Il verderame è un fungicida naturale molto utilizzato in agricoltura e giardinaggio per prevenire e curare diversi tipi di malattie fungine che possono colpire le piante. Questo prodotto viene ottenuto facendo macerare in acqua delle lamine di rame, da cui deriva il tipico colore verde-azzurro. Già in tempi antichi il verderame veniva impiegato come rimedio contro muffe, oidio e altri parassiti.
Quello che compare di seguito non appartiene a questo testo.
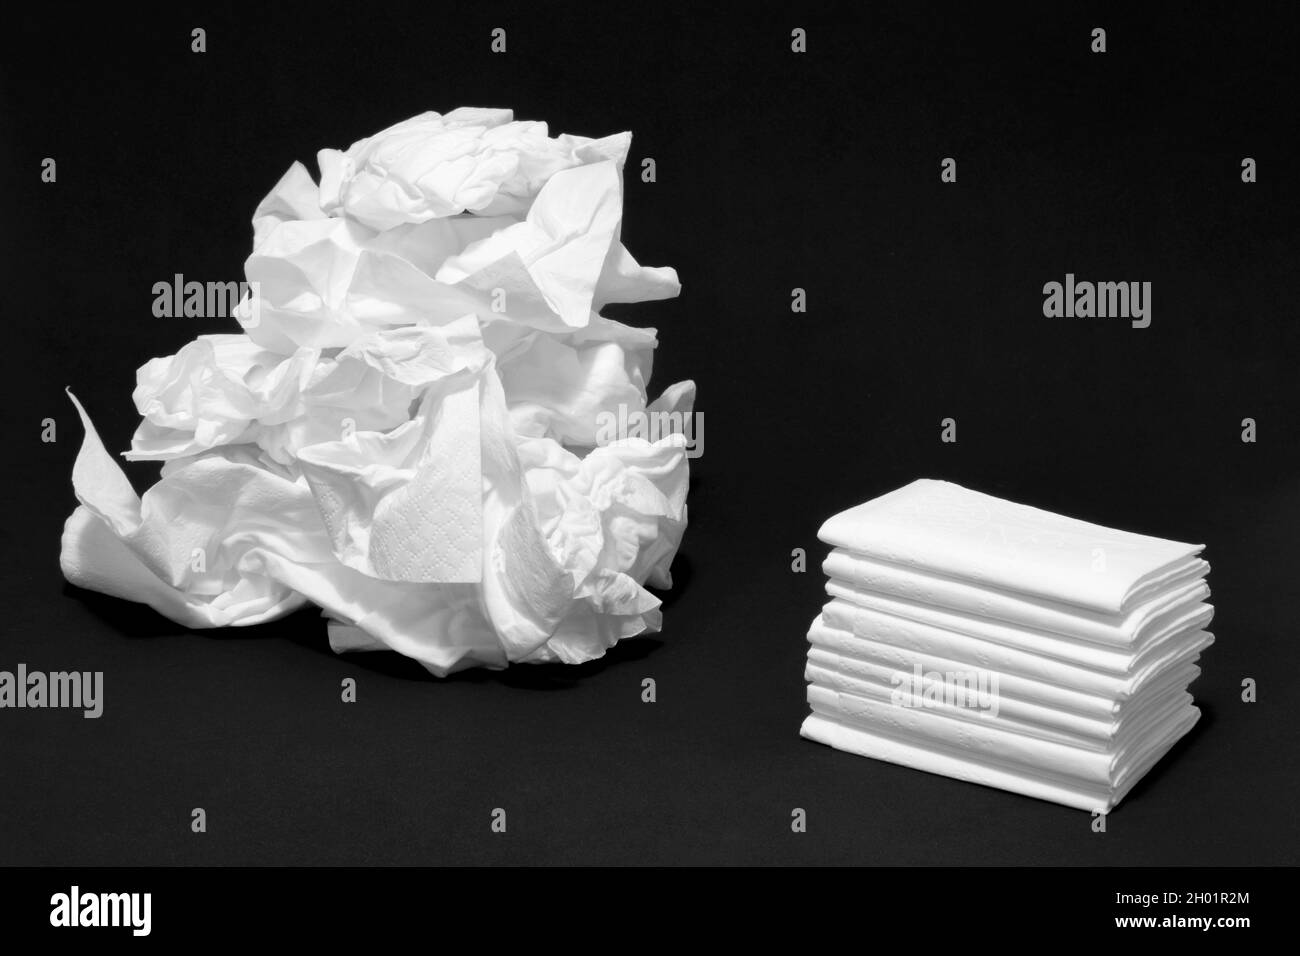 Used and new tissues. Concept of sick, flu and cold, crying, untidy, masturbation. Stock Photo
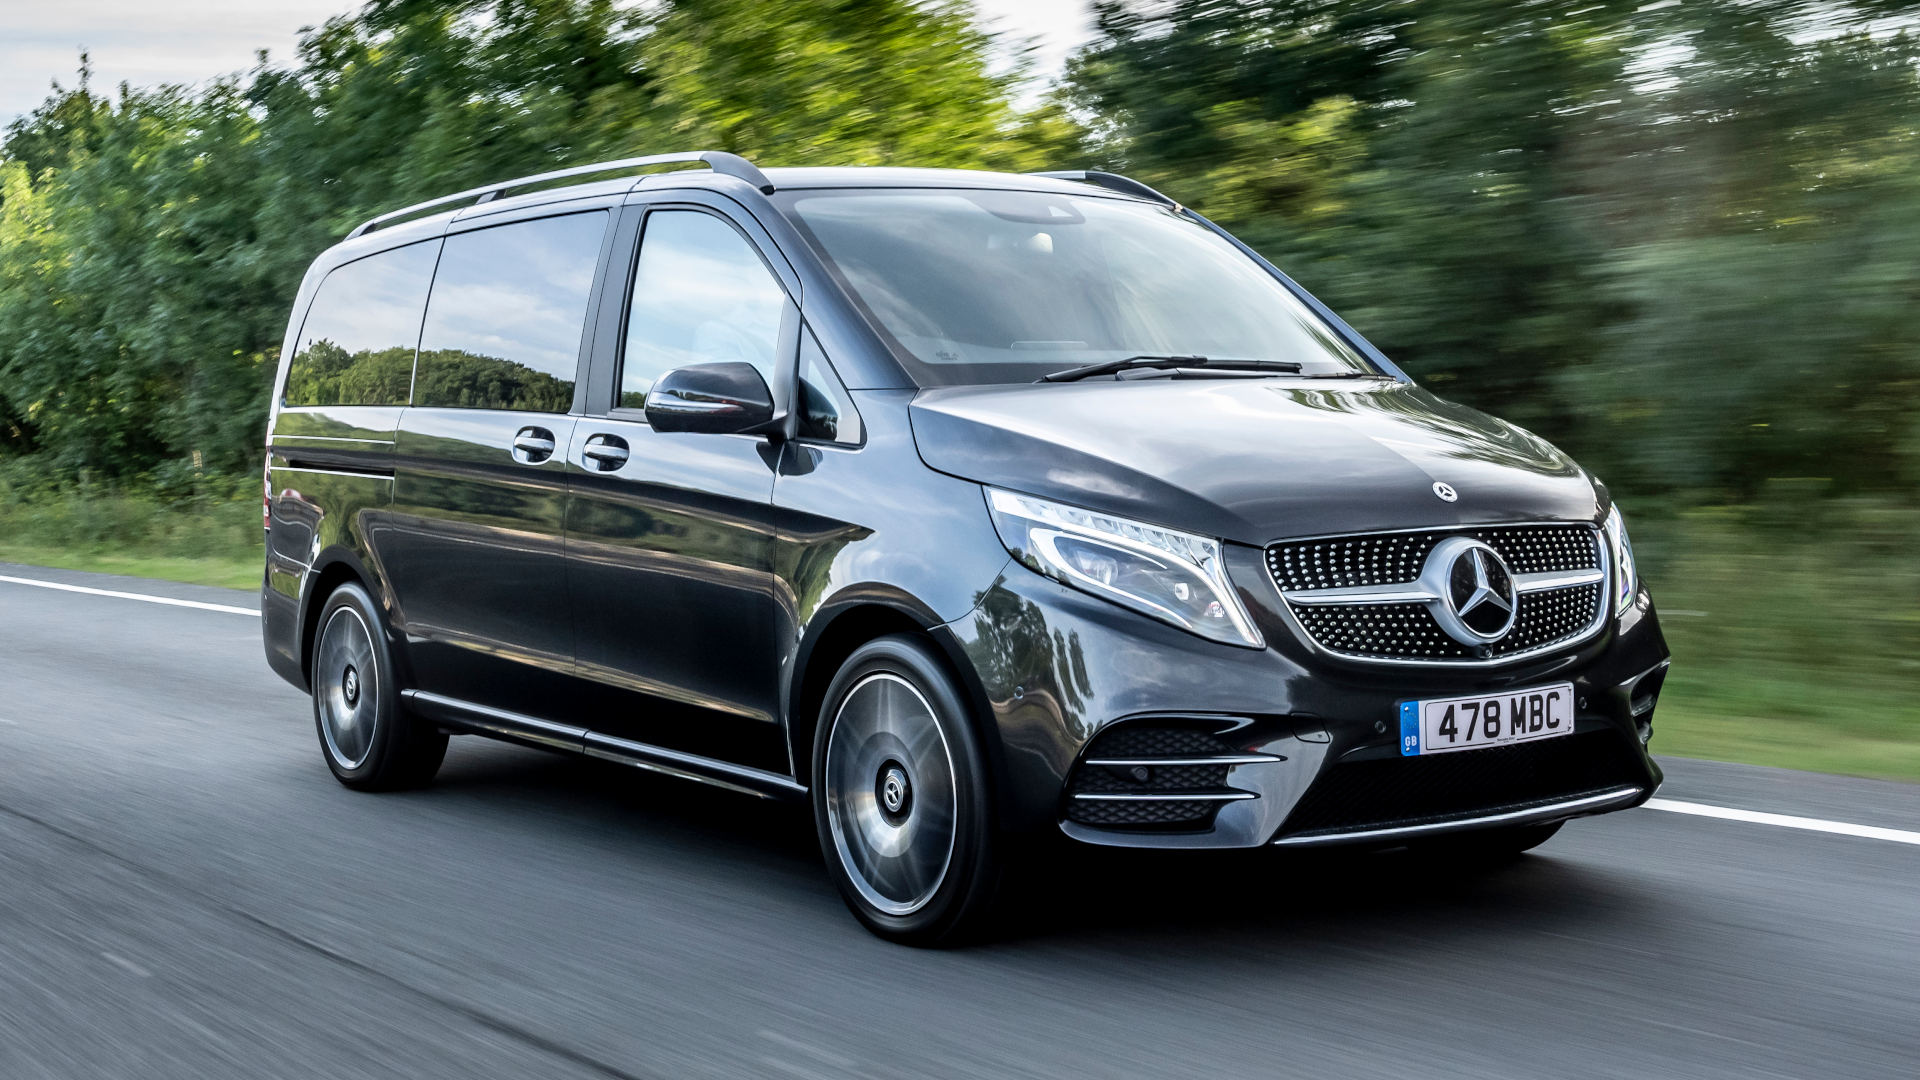 New Vito now available

Oggi rappresenta un valido strumento di lotta integrata, grazie alla sua azione preventiva su un ampio spettro di patogeni. Viene utilizzato soprattutto su vite, ulivo, ortaggi e piante ornamentali, seguendo le dosi e modalità d’uso indicate sulla confezione. Essendo di origine naturale, il verderame ha un impatto ambientale ridotto rispetto ad altri prodotti di sintesi.

Va però gestito con attenzione, evitando accumuli eccessivi nel terreno.

Quali sono le malattie più comuni che possono essere trattate con il verderame?

È efficace nel trattamento e nella prevenzione di diverse malattie fungine e batteriche che colpiscono le piante. Ecco alcune delle più comuni:

  1. Peronospora: una malattia fungina che colpisce molte specie di piante, specialmente le viti e le verdure come i pomodori e le patate.
  2. Ticchiolatura: una malattia fungina che attacca alberi da frutto, in particolare il melo e il pero.
  3. Ruggine: un gruppo di malattie fungine che si manifestano con macchie di colore ruggine sulle foglie e possono colpire un’ampia varietà di piante.
  4. Antracnosi: una malattia fungina che causa lesioni scure su frutti, foglie e rami, diffusa tra frutteti e piante ornamentali.
  5. Batteriosi: diverse malattie causate da batteri, come il cancro batterico, che possono essere in parte controllate tramite l’uso di verderame.
  6. Marciume delle radici: causato da vari funghi del suolo, il verderame può aiutare a limitare la diffusione della malattia se applicato preventivamente.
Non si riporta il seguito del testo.